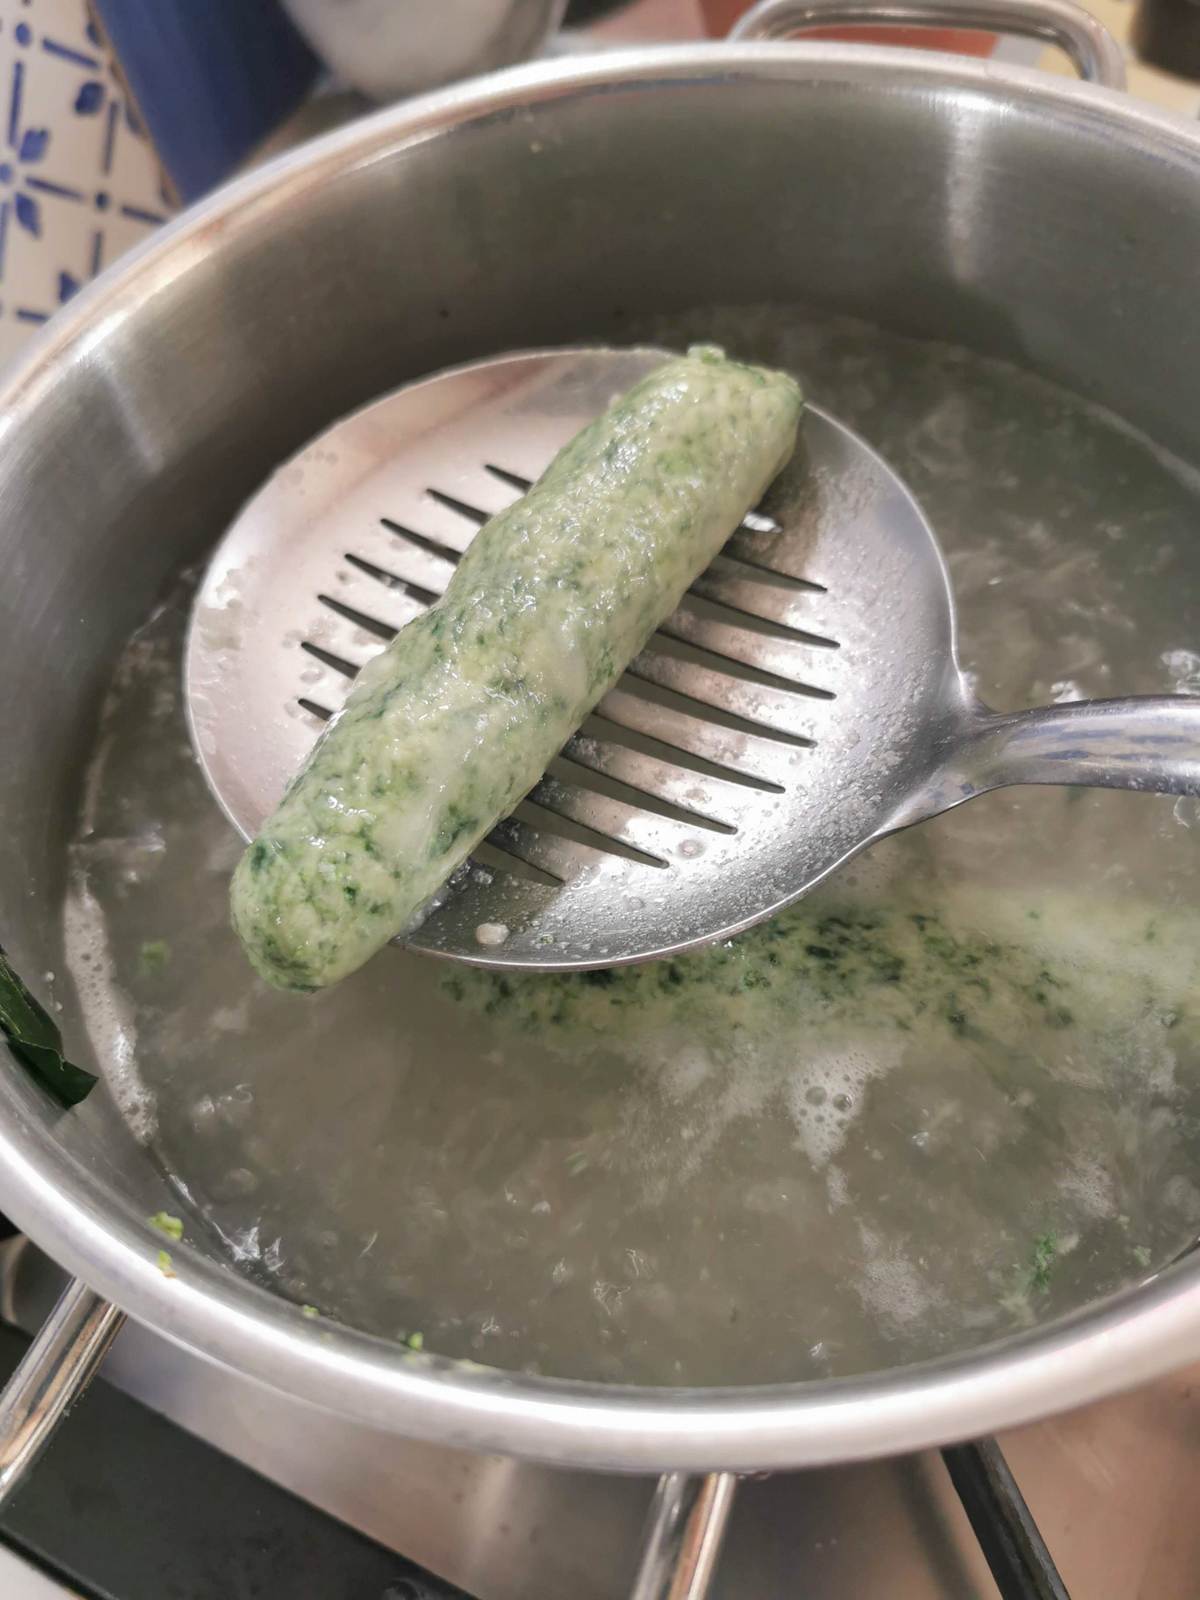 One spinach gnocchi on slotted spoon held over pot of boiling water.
+ + + +
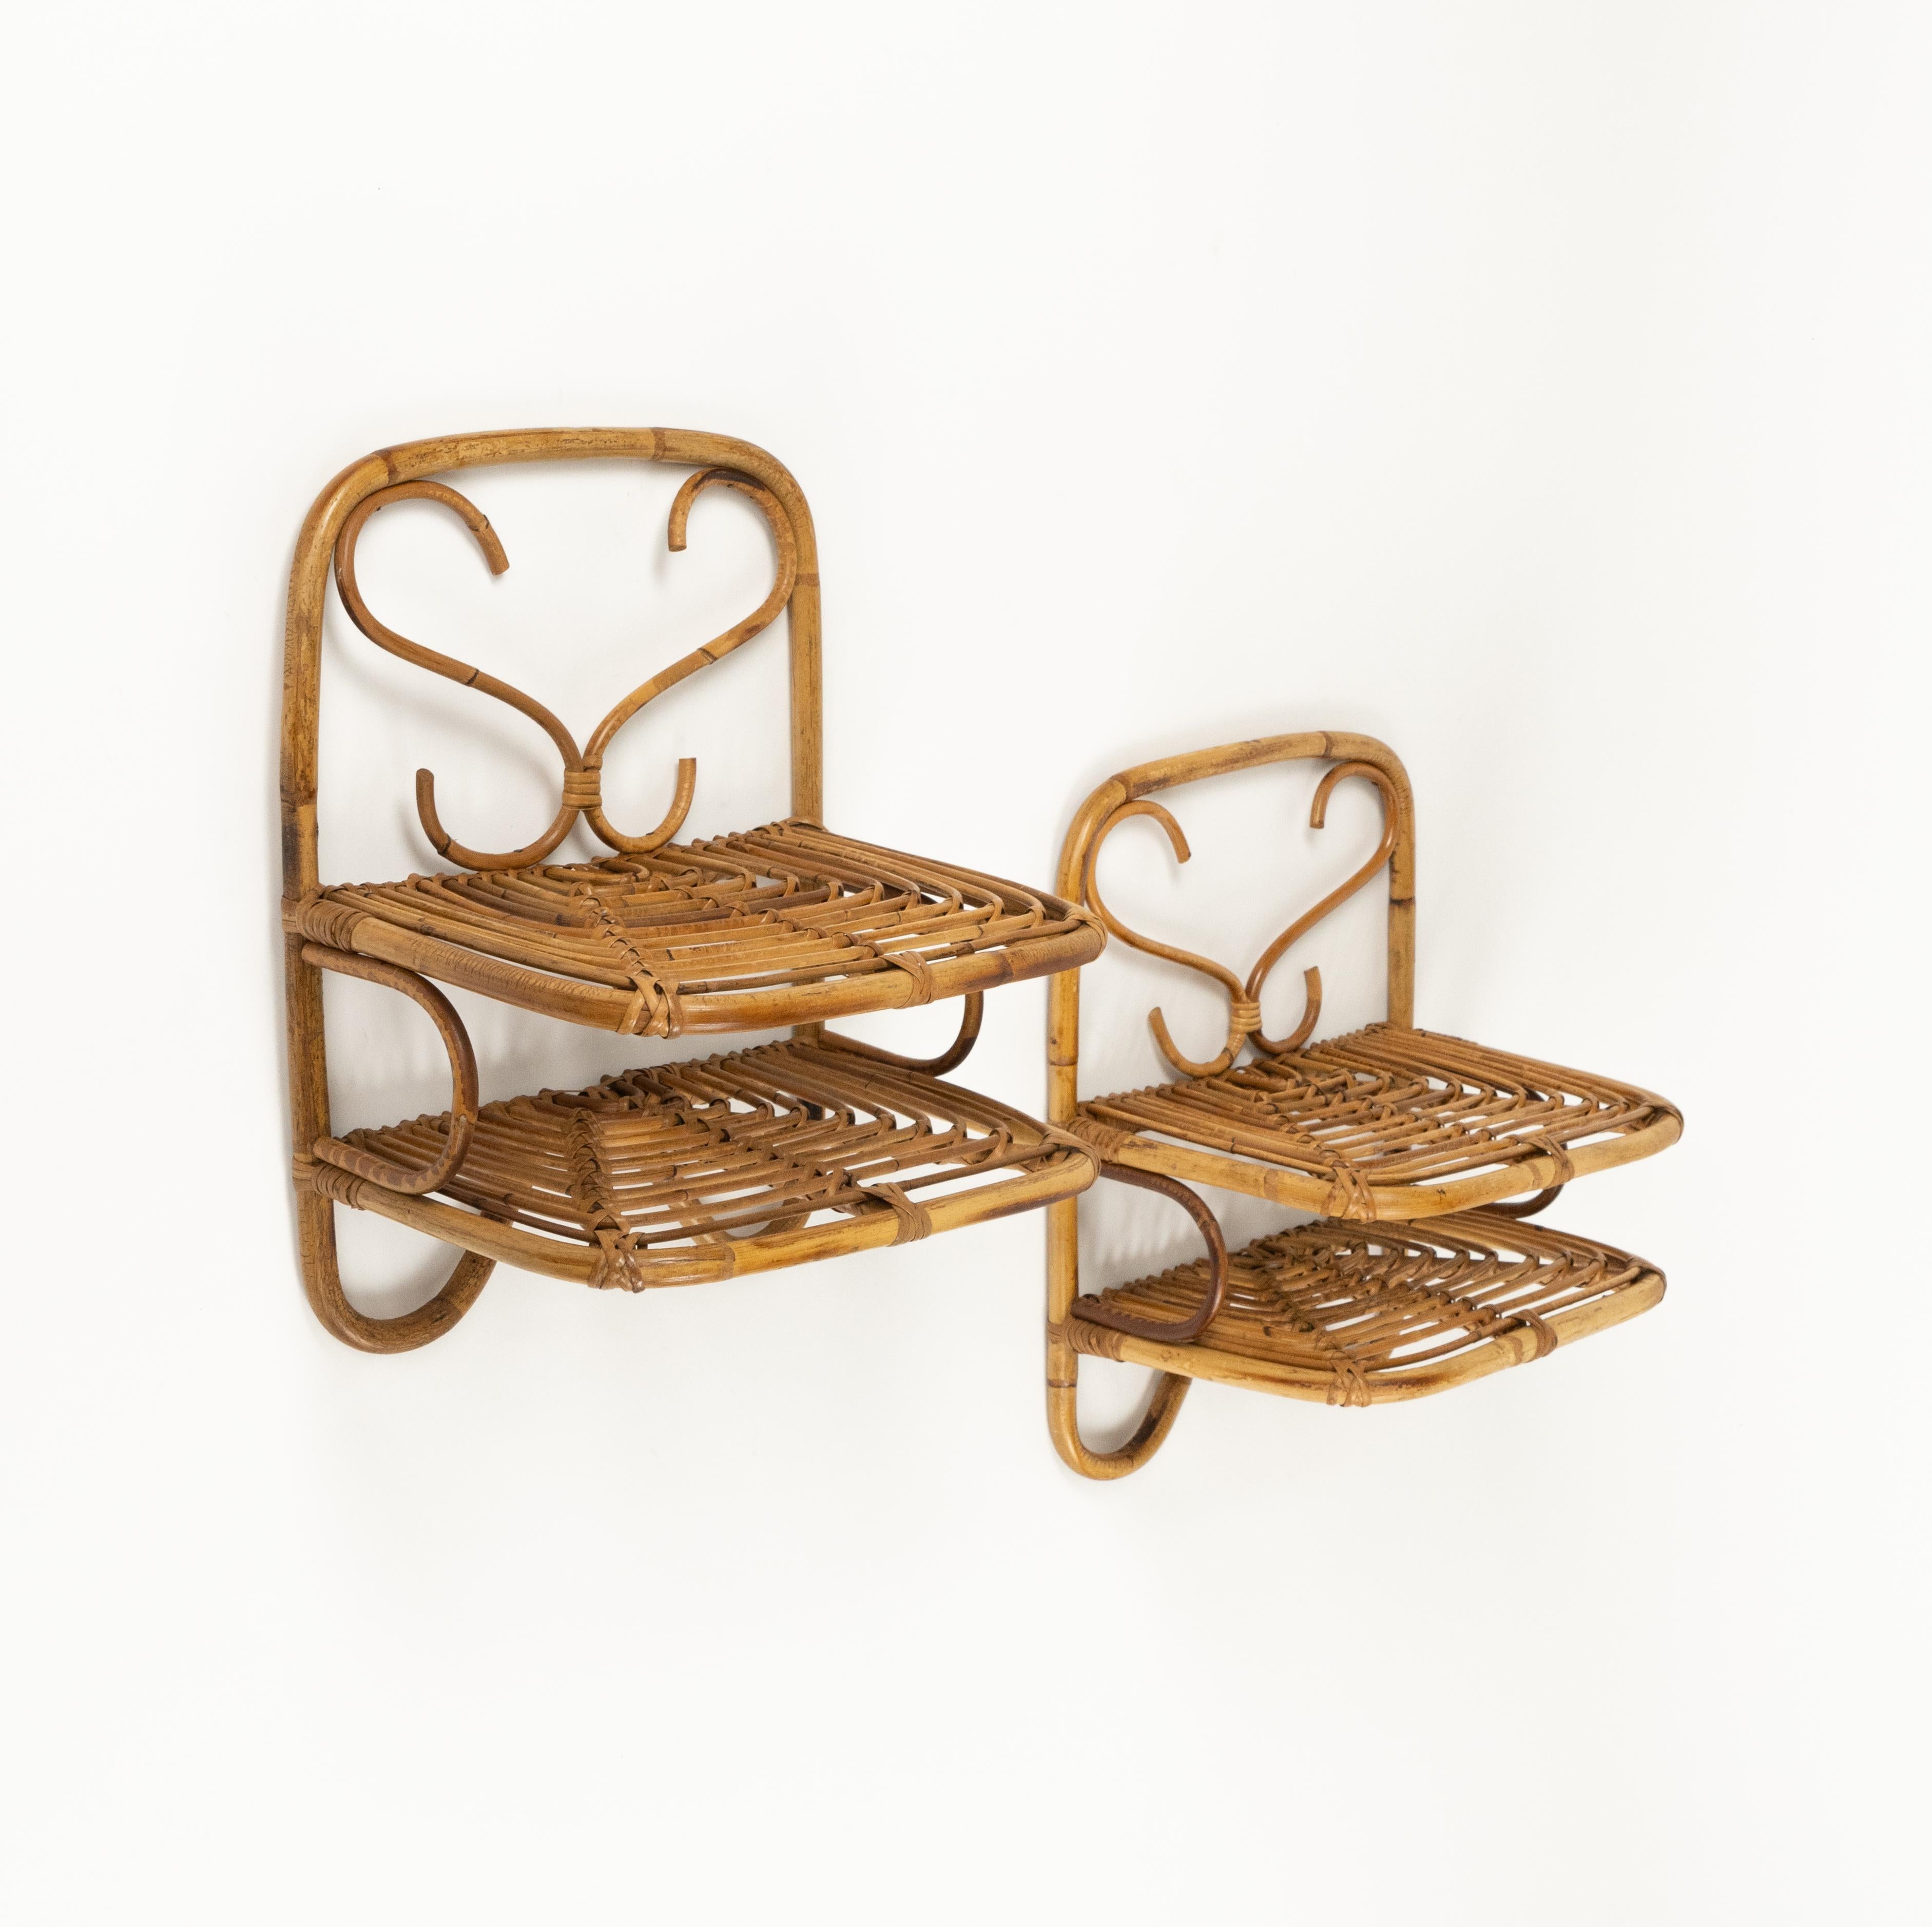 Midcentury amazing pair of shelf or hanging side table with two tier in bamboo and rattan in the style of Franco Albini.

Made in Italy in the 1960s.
+ + + +
**Task description**
Only the lines starting at the one with "Midcentury amazing pair" and ending at the one with "Made in Italy in the 1960s." should be printed, each exactly as it appears in the material above; the pictures are to be omitted.

**The completed task**
 Midcentury amazing pair of shelf or hanging side table with two tier in bamboo and rattan in the style of Franco Albini.

Made in Italy in the 1960s.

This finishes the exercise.